Still, she said, her children got pancakes and trips to water parks because of their father, the son of parents more inclined to encourage self-discovery.

The reaction to the book was particularly anguished among those who are products of extreme Asian parents. “I’m horrified that she’s American-born and hanging on to this, when most of us are trying to escape it,” said Betty Ming Liu, the daughter of Chinese immigrants from Vietnam and author of one of the many blog posts about the book. A California woman recalled how her sister became the perfect Asian daughter Ms. Chua aspires to produce, only to kill herself because she was afraid to tell anyone she suffered from depression.

Ann Hulbert, the author of “Raising America,” a history of a century’s worth of conflicting child-rearing advice, who is writing a book about child prodigies, notes that it is not hard to reignite the Mommy Wars.

“There is a kind of utter certainty in her writing,” she said of Ms. Chua, “and that confidence goes so against the underlying grain of American parenting and child-rearing expertise that it immediately elicits a response that then suggests a kind of certainty on the other side that isn’t there, either.”
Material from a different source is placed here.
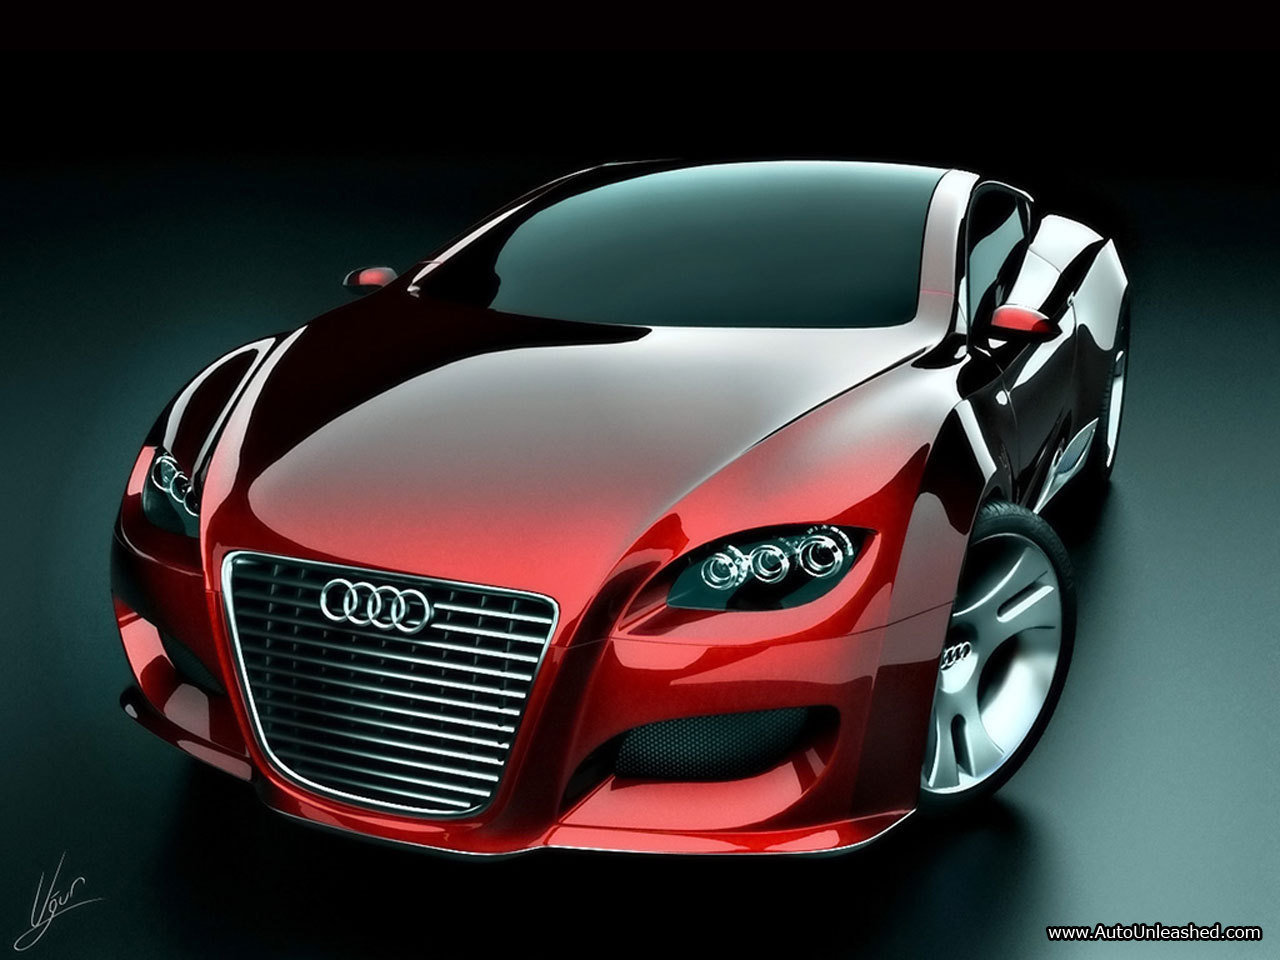 Audi cars: Audi cars

Friends describe Ms. Chua as self-deprecating and a dry wit, her children as happy, and their home as humming with music and activity and, yes, love.

“Not that she’s without opinion, but she’s writing a memoir, not a parenting guide,” said Alexis Contant, who describes Ms. Chua as her closest friend for 20 years. “She will say sleepovers are overrated, but I have never heard her say, ‘I can’t believe so-and-so let their kid do it.’ ”

Ms. Chua said that her daughters have been eager to speak out in favor of the book; she is shielding them from the publicity. She said, however, that they did ultimately have play dates — though not many between the ages of 9 and 13, due to music practice. Sophia, now 18, has a boyfriend, she told me. “My kids have whatever those things are called — iPods,” she said. “They have iTunes accounts.”

Ms. Chua wrote most of the book in eight weeks, yet struggled with the end, she said, reflecting the East-West tug on her parenting. “It’s a work in progress,” she said. “On bad days I would say this method is terrible. I just need to give them freedom and choice. On good days, when Lulu would say: ‘I’m so glad you made me write that second draft of my essay. My teacher read it out loud,’ I think, I’ve got to stick to my guns.”

This week, her book tour will take her to the places where she has surely sparked the most debate: the Bay Area, Cambridge and the northwest quadrant of Washington.

But first, the family was planning to celebrate Lulu’s 15th birthday. They were taking her and eight of her friends to New York City. For a sleepover.